Odszedł mamrocząc coś pod nosem, a ja mimowolnie się uśmiechnęłam. Uwielbiałam tego człowieka. Po chwili westchnęłam i niepewnie popatrzyłam na Dawida, który kiwnął głową motywując mnie do działania.
Z duszą na ramieniu zaczęłam iść w stronę Fabiana. Był ostatnim zawodnikiem na parkiecie. Za sobą usłyszałam trzask drzwi, który oznaczał, że zostaliśmy zupełnie sami. Stanęłam przed nim na lekko drżących nogach i odchrząknęłam. Zaskoczony rozgrywający podniósł na mnie wzrok. Kiedy jednak zobaczył kto przed nim stoi bez mrugnięcia powrócił do wykonywanych ćwiczeń.
- Czego chcesz? - Warknął.
- Porozmawiać. - Wyszeptałam drżącym głosem. Bałam się, że nie da mi takiej możliwości.
- Chyba nie mamy o czym. - Wstał i zmierzył mnie wzrokiem. - Kochaś Cię zostawił?
- Jaki kochaś? - Zapytałam zaskoczona.
- Dawidek.
- To nie jest.. - Pokręciłam głową. - Nie ważne. Między nami nic nie ma. Możemy porozmawiać?
- Dwa razy kazałaś dać sobie spokój. - Podparł się pod boki. - Do tego raz i dosadnie dałaś mi do zrozumienia, że między nami nic nie ma i nie będzie. Spełniam jedynie tylko Twoją prośbę.
Popatrzył mi w oczy i bez słowa wyminął. Stałam na środku boiska, a pod moimi powiekami zebrały się łzy. Wiedziałam, że go straciłam, mimo że tak naprawdę  nigdy nie miałam.
Nie wiem ile trwałam w bezruchu. Łzy spływały mi po policzkach rozmazując tusz. Poczułam jak ktoś przytula mnie lekko i kciukiem ociera łzy. Wtuliłam się w wysoką sylwetkę i zaszlochałam głośno.
- Spieprzyłam. - Załkałam. - Tak bardzo to wszystko spieprzyłam.
- Ciii. - Dawid głaskał mnie po głowie i uspokajał, - Wszystko będzie dobrze.
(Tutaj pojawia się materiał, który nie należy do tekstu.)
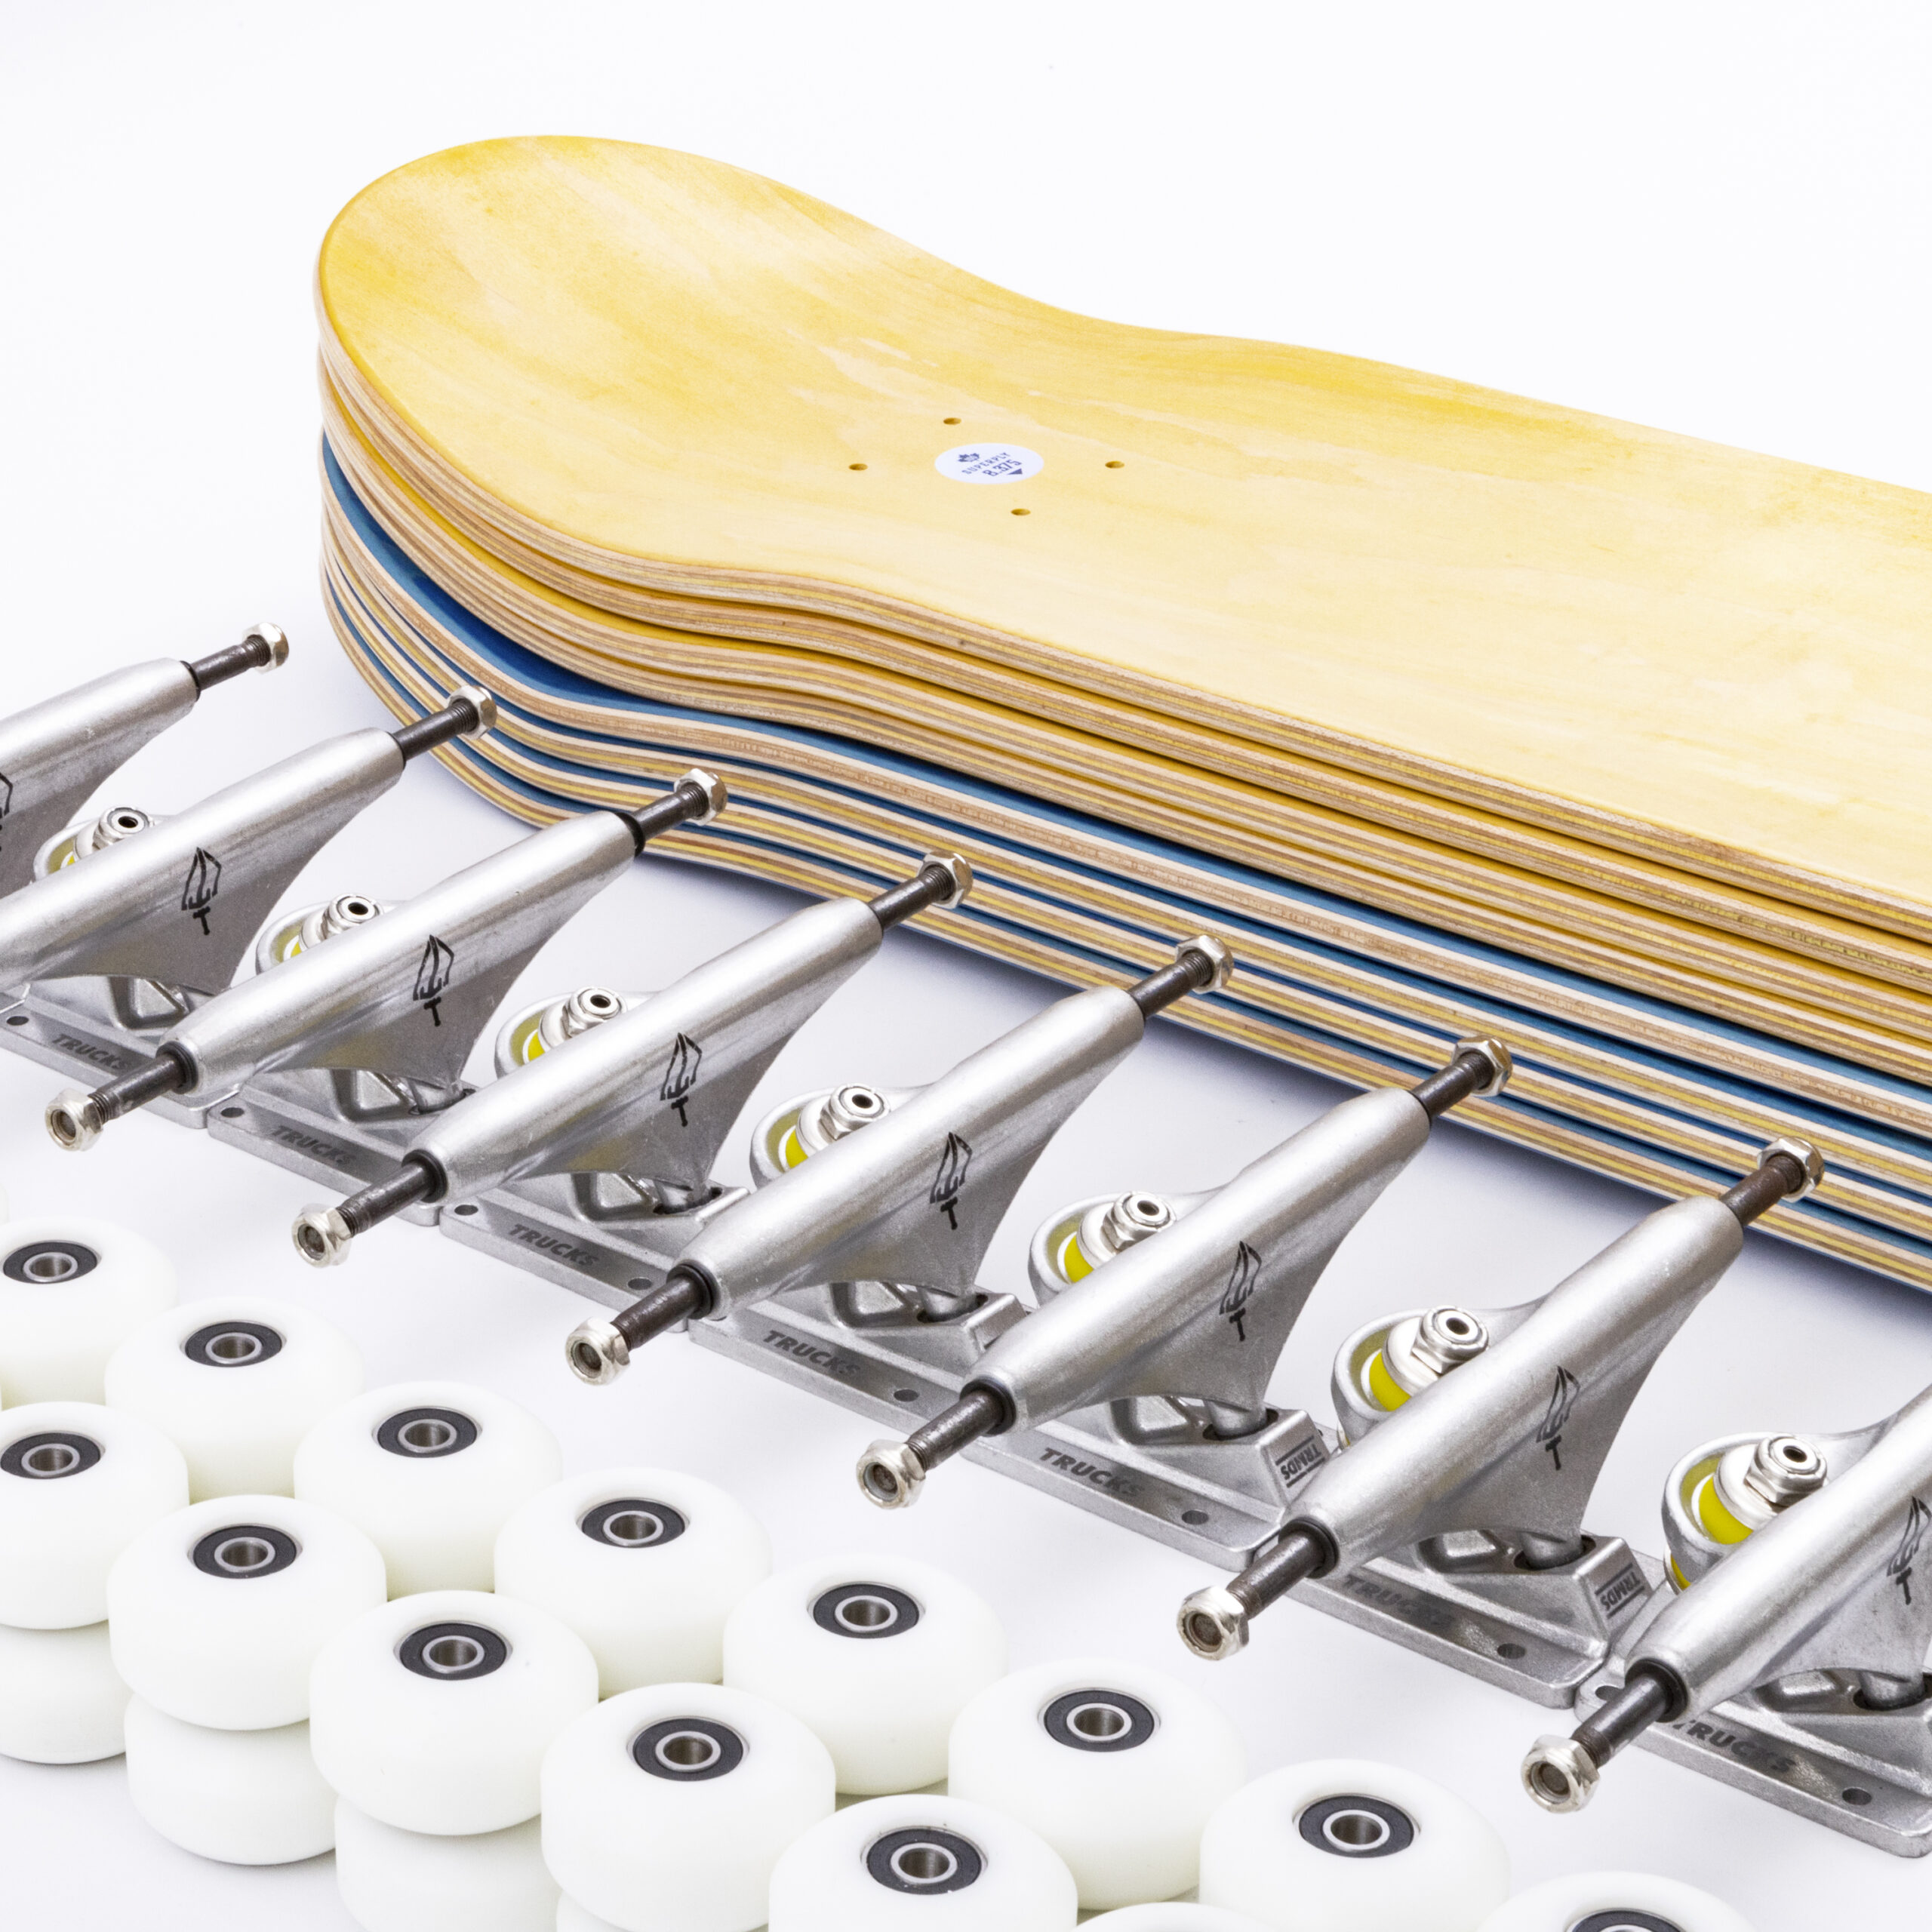 Skateboard Deck-Größe, Form, Konstruktion, Material, Design, Breite, Länge, Kicktail, Nose, Concave, Completes, Skatebords
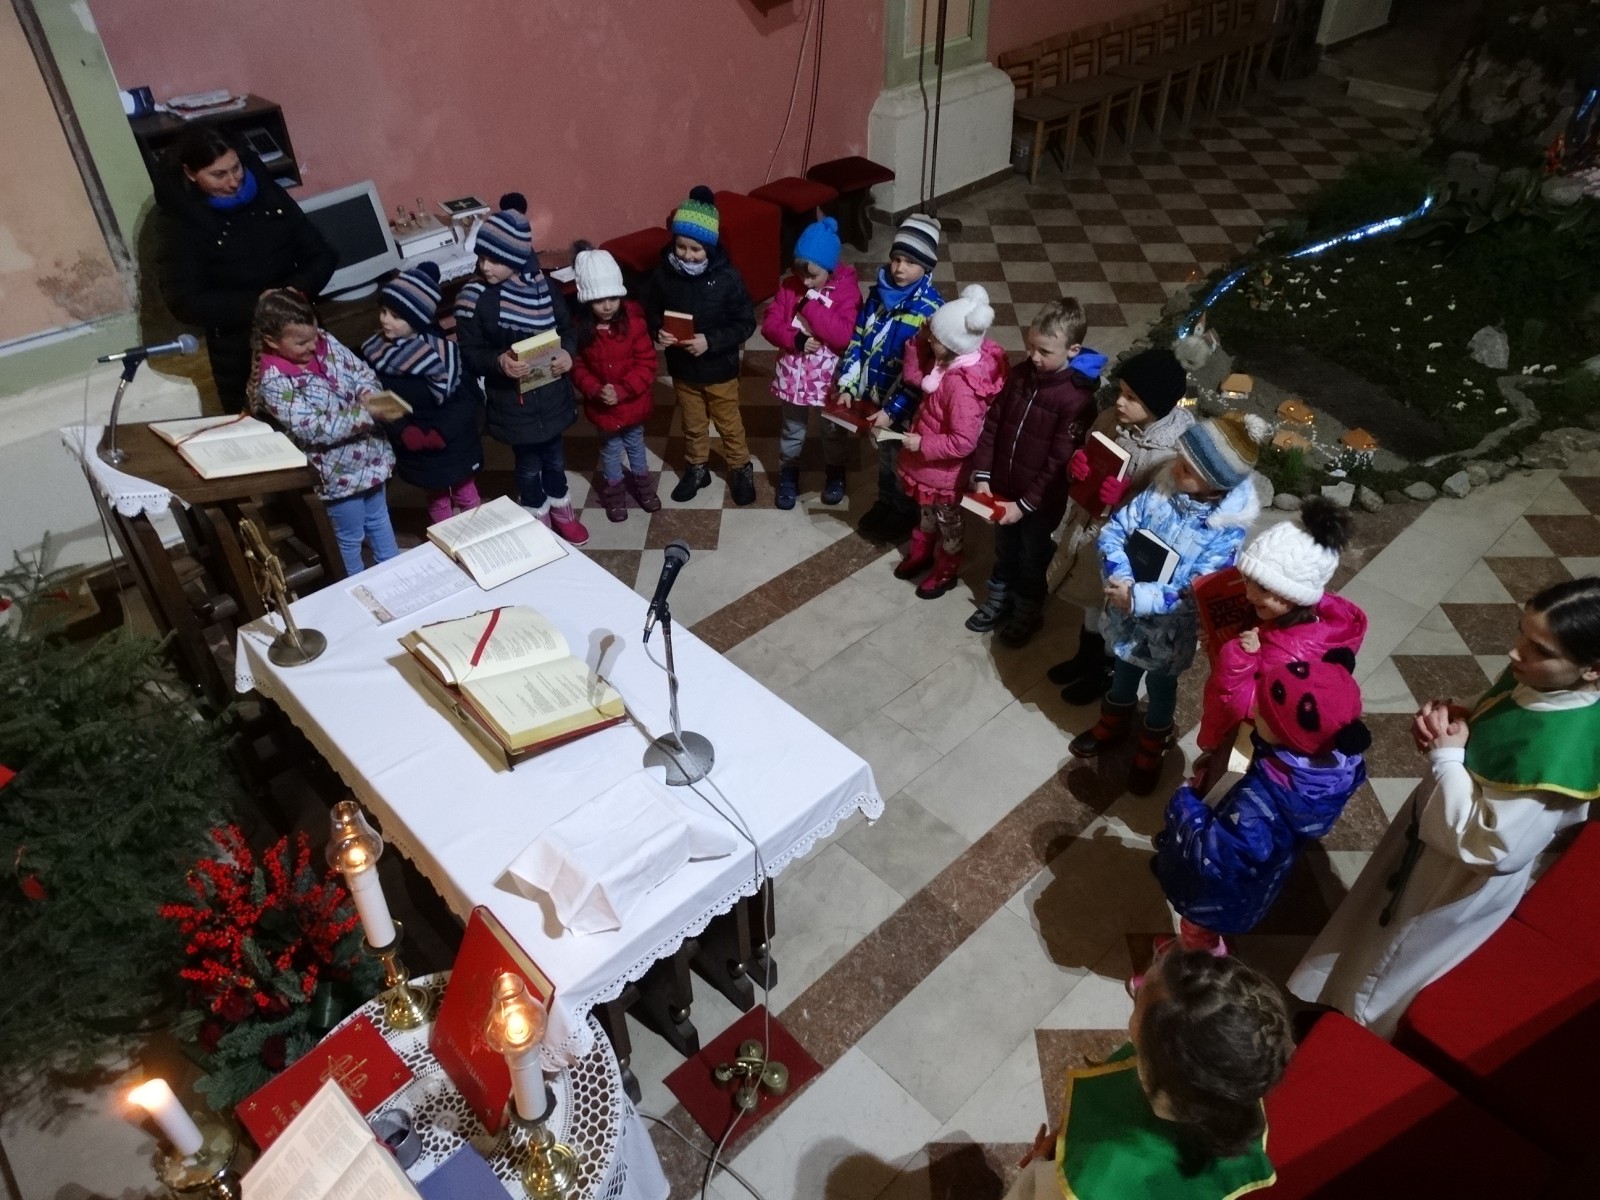 V župniji Dravograd slovesno počastili nedeljo Sv.pisma

Następnego dnia wstałam około 9. Wyglądałam okropnie. Podkrążone oczy, rozmazany makijaż, czerwony nos. Połowę nocy przepłakałam. Wiedziałam, że cała skorupa, którą się otaczałam pękła kiedy Fabian wyszedł z Podpromia. Pociągnęłam nosem i dowlokłam się do łazienki. Fakt, że muszę spotkać się z Ivem dołował mnie jeszcze bardziej. Włoch pojawi się zapewne wieczorem, kiedy ojciec wyjedzie na trening.
Wzięłam więc długą kąpiel, starannie wyszorowałam ciało, zmyłam makijaż. Ubrałam się w byle jaki dres i włosy związałam w kucyk. Nie chciałam się malować, przypudrowałam jedynie zaczerwienienia i korektorem zakryłam sińce pod oczami.
Zeszłam na dół i zrobiłam sobie lekkie śniadanie. Czując pojawiający się ból głowy zażyłam lekarstwo i zasiadłam w salonie. Ojciec siedział w swoim gabinecie i zawzięcie z kimś dyskutował. Nie miałam ochoty zawracać sobie tym głowy i włączyłam telewizor.
Szybko pochłonęłam przygotowane kanapki oglądając jakiś serial. Odnosiłam akurat talerzyk do kuchni, kiedy  momencie drzwi od gabinetu otworzyły się gwałtownie i ktoś wymaszerował z niego pewnym krokiem.
- Przemyśl to jeszcze. - Odezwał się ojciec.
- Zadecydowałem. - O nie... Tylko nie on... - Nie zamierzam z nim grać. Zmieniam klub. - Zaraz, zaraz... Że co?!
- Nie podejmuj tej decyzji spontanicznie.
- Wiem Panie Andrzeju, wiem. - Przeszedł przez salon. - Do zobaczenia.
- Do widzenia. - Westchnął ojciec.
Drzyzga przeszedł przez salon, a ja nie mogłam się ruszyć. Zamierzał opuścić Resovię ze względu na Dryję? Przecież to niedorzeczne.
Mijając kuchnię spoglądnął w moją stronę i przystanął. Patrzyliśmy sobie przez chwilę w oczy, po czym rozgrywający opuścił nasz dom. Wiedział, że słyszałam.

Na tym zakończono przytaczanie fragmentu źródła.